I need to mask an array a by a condition fulfilled by another array b.

For example values in a should only be preserved if the values in the same position of b equal 0, otherwise return as None. For example:

a = np.array([2, 2, 4, 0, 4, 3, 3, 3, 1, 2])

is masked by

b = np.array([0, 0, 0, 1, 0, 3, 0, 5, 0, 0])

to return

c: [2, 2, 4, None, 4, None, 3, None, 1, 2]

I have tried

to_change = np.ma.masked_where(travel_time!=0, new_subareas)

but this returns:

masked_array(data=[2, 2, 4, --, 4, --, 3, --, 1, 2],
             mask=[False, False, False,  True, False,  True, 
                   False,  True, False, False],
                   fill_value=999999)

But I can't find anything that will just return something like the example given for c.

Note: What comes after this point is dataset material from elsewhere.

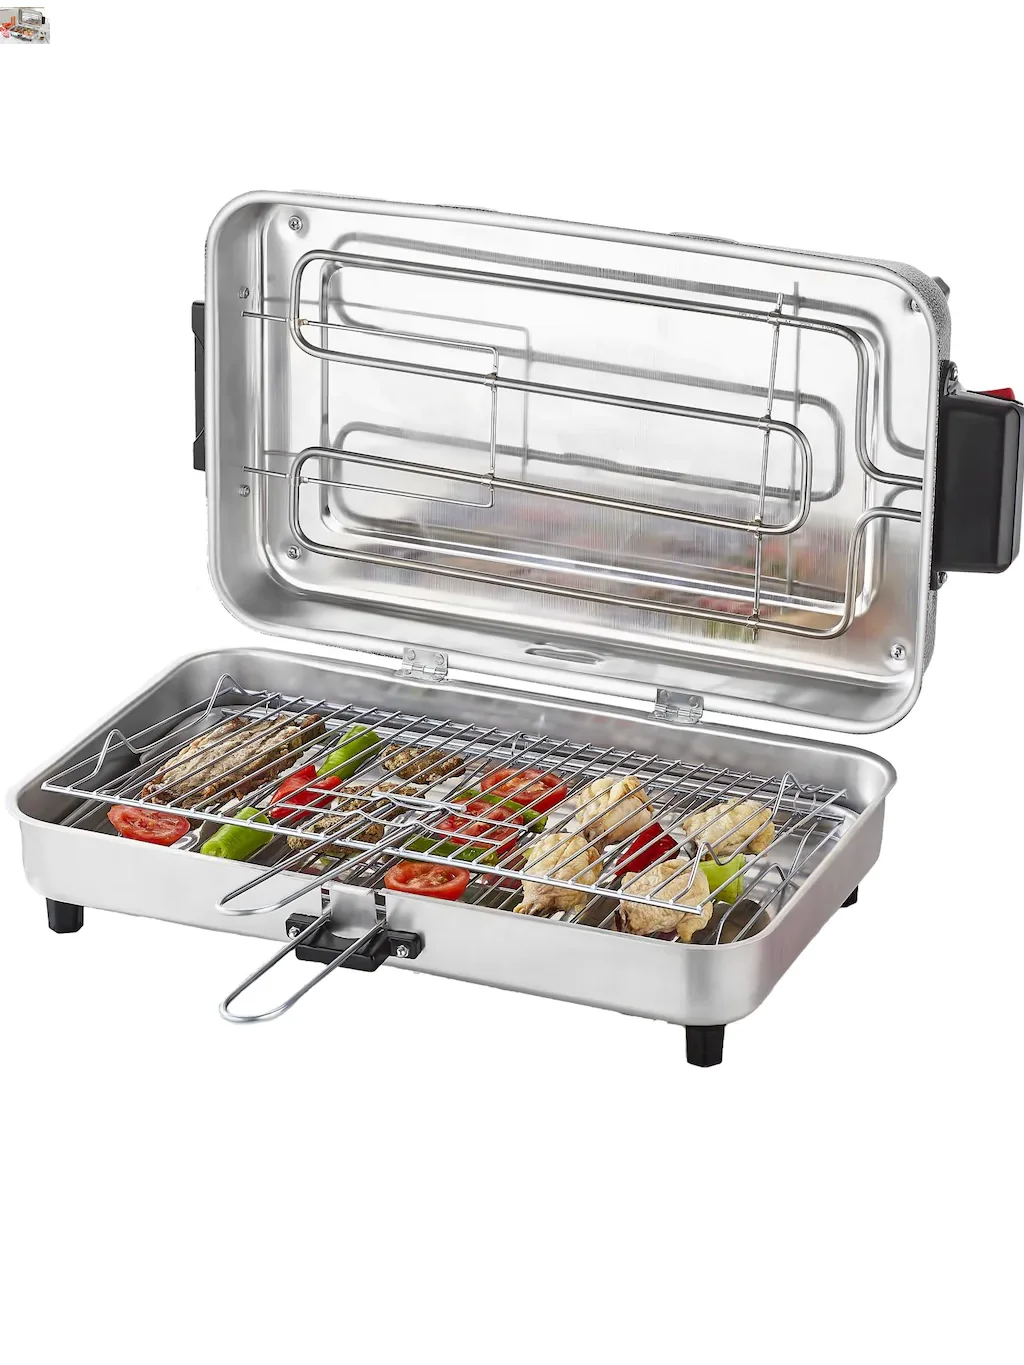 Lux Electric Grill, 4 Size Infrared Barbeque, No Smell No Smoke Aluminium Meat chicken easy clean fast  kitchen chefs

I need something done entirely in numpy and without for-loops or if statements, for speed as this will be for very large arrays. What am I missing?

Answer 1

If you need an in-place solution, you can convert to a to float and then use np.where.

Float conversion is required here as np.nan is a float.

a = np.array([2, 2, 4, 0, 4, 3, 3, 3, 1, 2])
b = np.array([0, 0, 0, 1, 0, 3, 0, 5, 0, 0])

a = a.astype(float)
a[np.where(b!=0)] = np.nan

# array([  2.,   2.,   4.,  nan,   4.,  nan,   3.,  nan,   1.,   2.])

Answer 2

masked_arrays have a little more overhead, in that operations on these implicitly ignore masked values (and work on everything else instead).

If you are not looking for that kind of functionality, you can just use np.where, but you risk converting your array to an object.

np.where(b == 0, a, None)
array([2, 2, 4, None, 4, None, 3, None, 1, 2], dtype=object)

I'd recommend substitution with NaN instead?

np.where(b == 0, a, np.nan)
array([ 2.,  2.,  4., nan,  4., nan,  3., nan,  1.,  2.])

Preserves the numeric type.